There’s more. Starmer has publicly declared that he is prepared to send British troops - that is other people’s children - to Ukraine, even as he acknowledges that could put those troops “in harm’s way” if the war resumes.
Unfortunately this posturing has swiftly backfired because Olaf Scholz, the chancellor of Germany, said the suggestion was “completely premature”, “highly inappropriate” and that he was a “little irritated.”
Meanwhile Jose Manuel Albares, the foreign minister of Spain, said:
Nobody is currently considering sending troops to Ukraine. Peace is still very far away, and for one reason only – Vladimir Putin.” He added that decisions would “have to consider for what mission, who will comprise it, under what flag, with what mandate”.
This really is amateur hour from Starmer, whose whole ethos was “I’m the grownup in the room”. To just unilaterally throw out such a consequential proposal without discussing it first with the other countries who would need to supply troops for such a force is, frankly, shambolic behaviour.
Which brings us to what’s really happening here. I don’t actually think what’s making Starmer tick here is primarily about Ukraine. Starmer’s personal ratings are catastrophic. No prime minister in recorded polling history has had their support collapse so swiftly.

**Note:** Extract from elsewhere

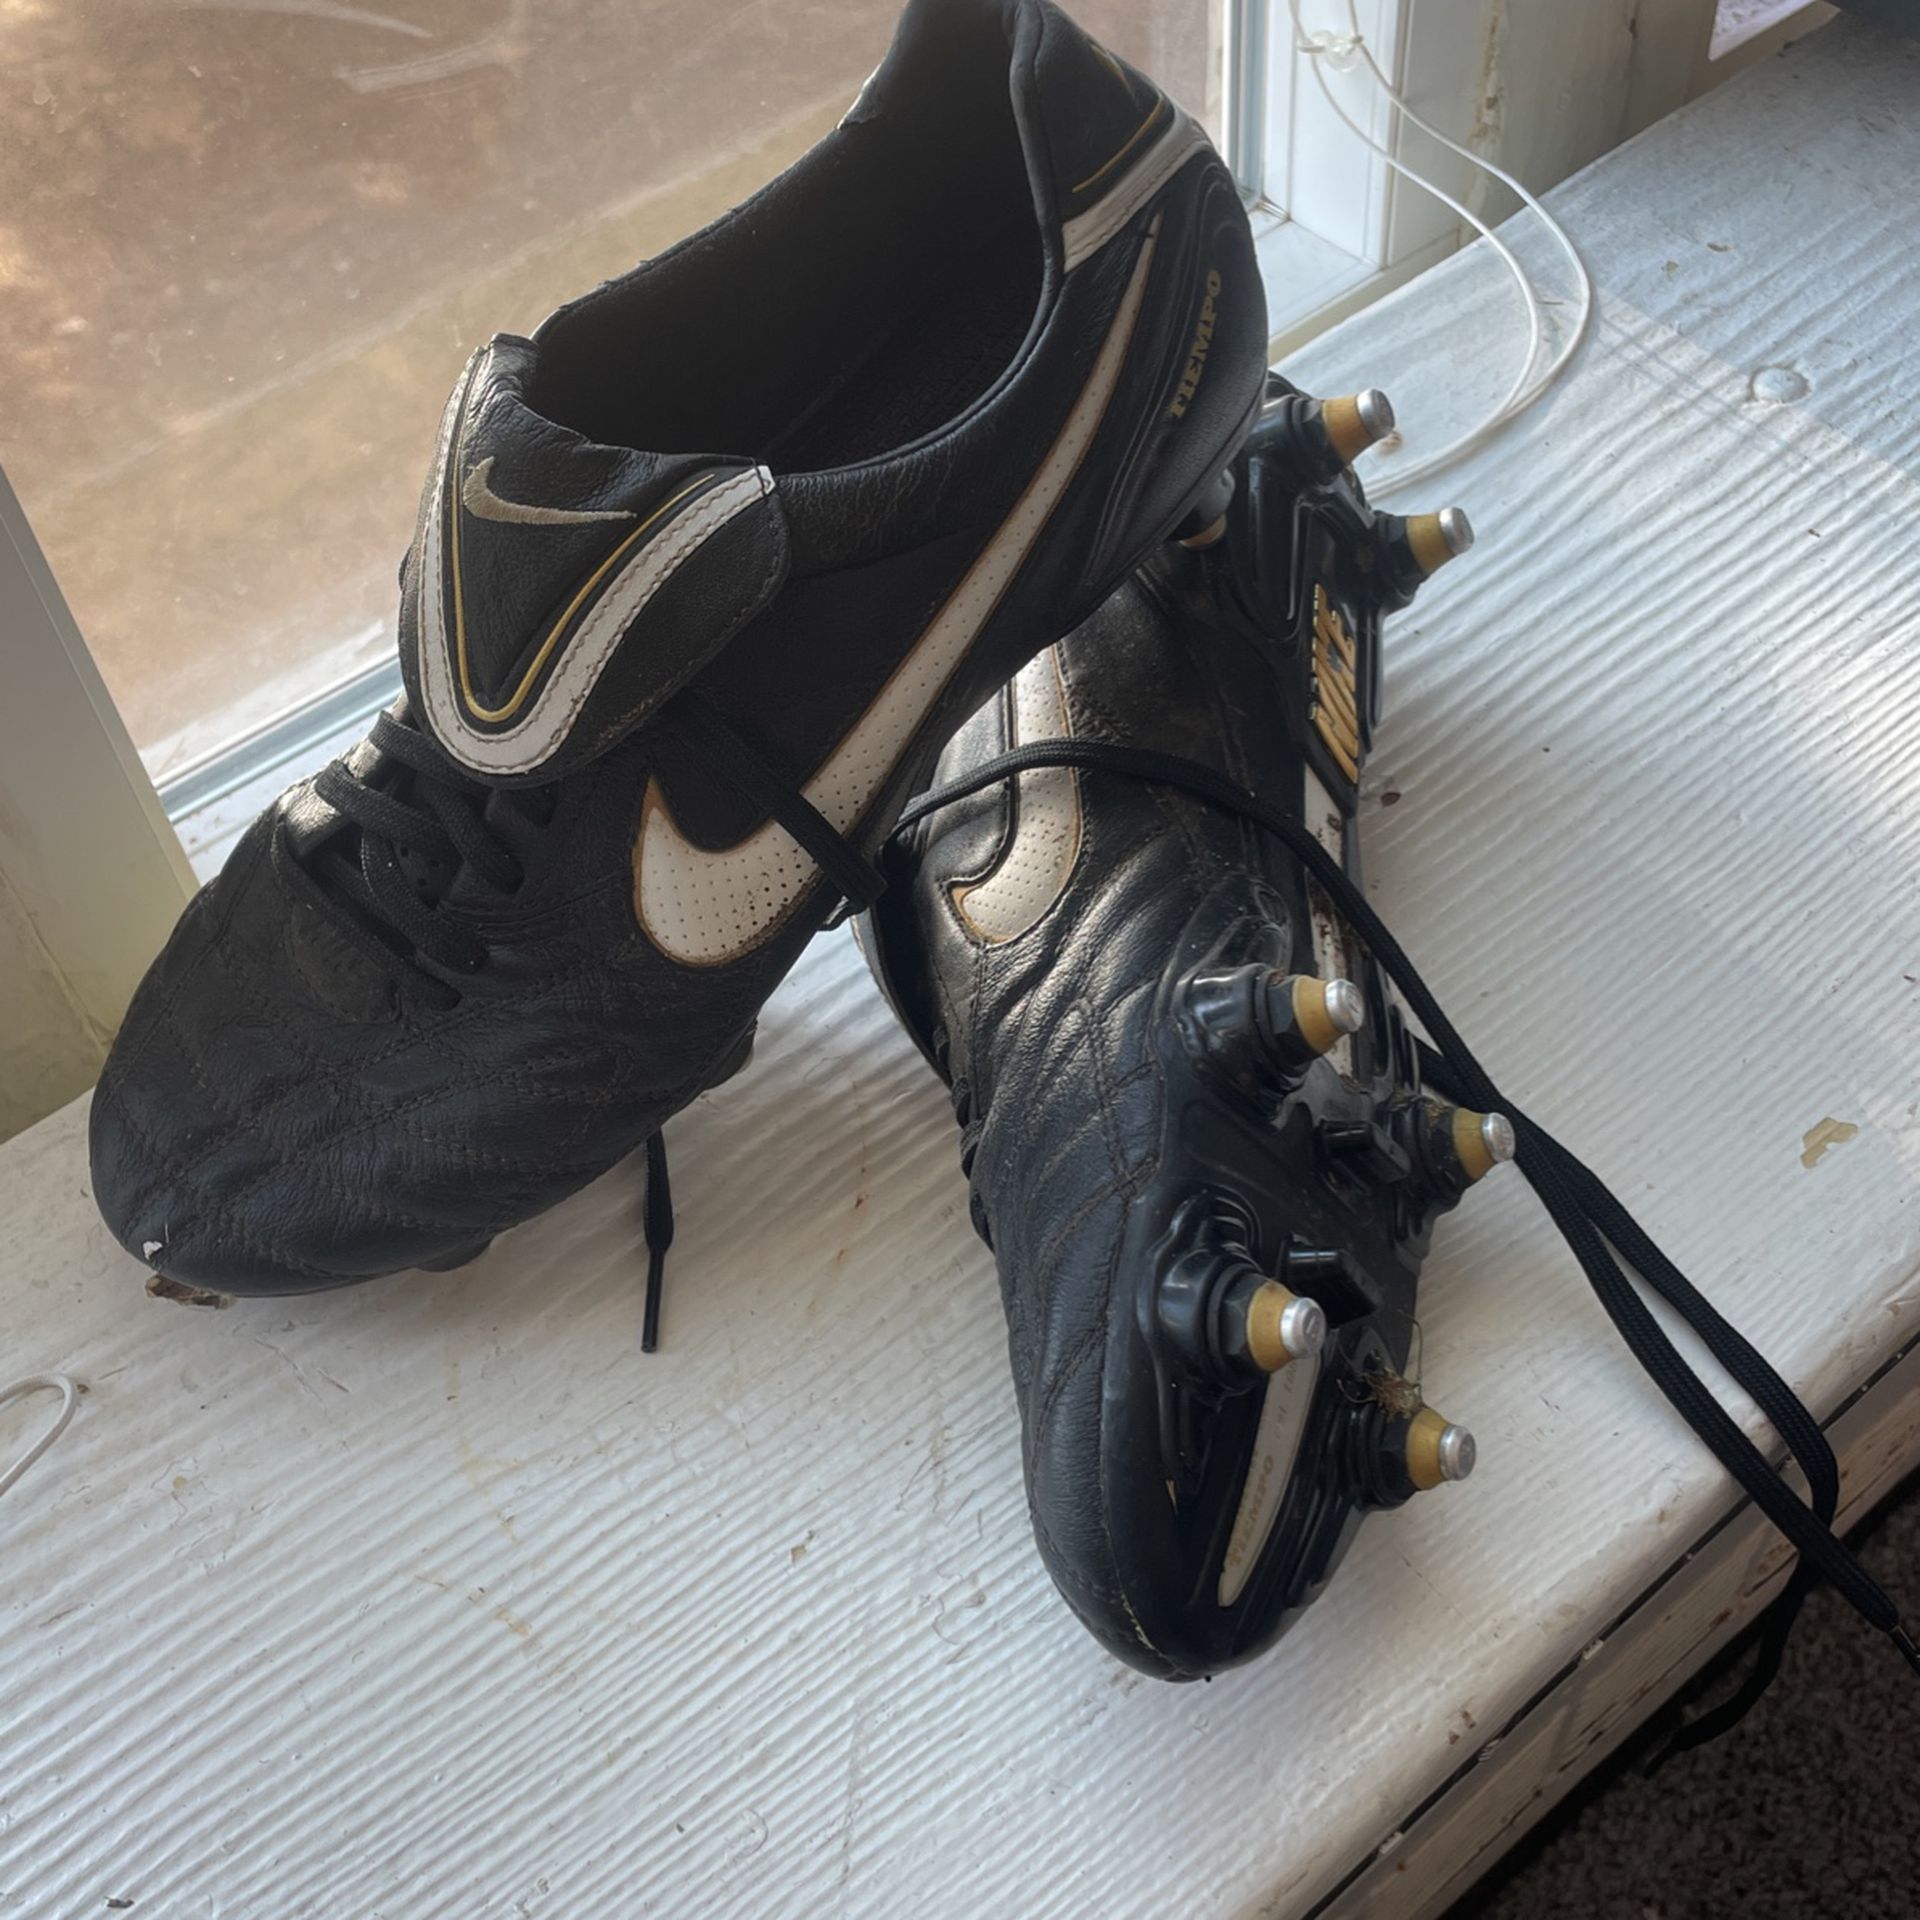 Nike Tiempo Legend III 9 for in San Diego, CA - OfferUp

Keir Starmer and his aides clearly think that the way to turn that around is the threat of war, sprinkling some Churchillian dust on him, making him look like a statesman.
Well, there is far too much at stake to indulge the desperate posturing of a failing leader.
There are those who blindly cheer on deploying British troops in war zones, hoping we’ll just erase Iraq and Afghanistan as though neither happened. Well, some of us have memories rather longer than last week.
We live in a world, alas, dominated by bloodstained warmongers who have unleashed so much suffering and chaos. Some have spilled so much Ukrainian blood, some have spilled so much Arab blood - and some of us believe that spilled civilian blood is of equal weight.
We should reject slashing spending on our already decimated public services in the service of war, and we should reject once again sending British troops to potential catastrophe.
And to those who smear us as a result: We were right about Afghanistan. We were right about Iraq. We were right about Libya. We are not going to be browbeat into yet more disasters - this time with the very future of human civilisation at stake.
What a terrific piece of writing! Thank you for this...
The choice between increasing defence spending by raising taxes rather than raising taxes for spending on social programs is a) a false dichotomy and b) economically illiterate. Taxes do not pay for spending. Government spending comes first and some of that spending is taxed back to prevent inflation.
Government, as the currency issuer, can create whatever funding is required to pay for defence and/or pay for social programs. (Within limits of course). Nonsense such as fiscal rules are political decisions, as are decisions to cut public spending “because of debt, or because the “deficit is too great”. They are not economic imperatives. The austerity pursued by the Tories and now by LINO is a purely political decision. The neoliberal paradigm of enriching the wealthy and impoverishing the rest of us is pure politics, supported by plausible stories about trickle down economics, or there is no government money only taxpayers’ money, or we can’t max out the credit card and live beyond our means. The household analogy for State finances is pernicious propaganda to keep the plebs in their place.
Wise up. Read Stephanie Kelton’s books and spread the message instead of repeating the lies that keep people in poverty while the elite few get ever richer.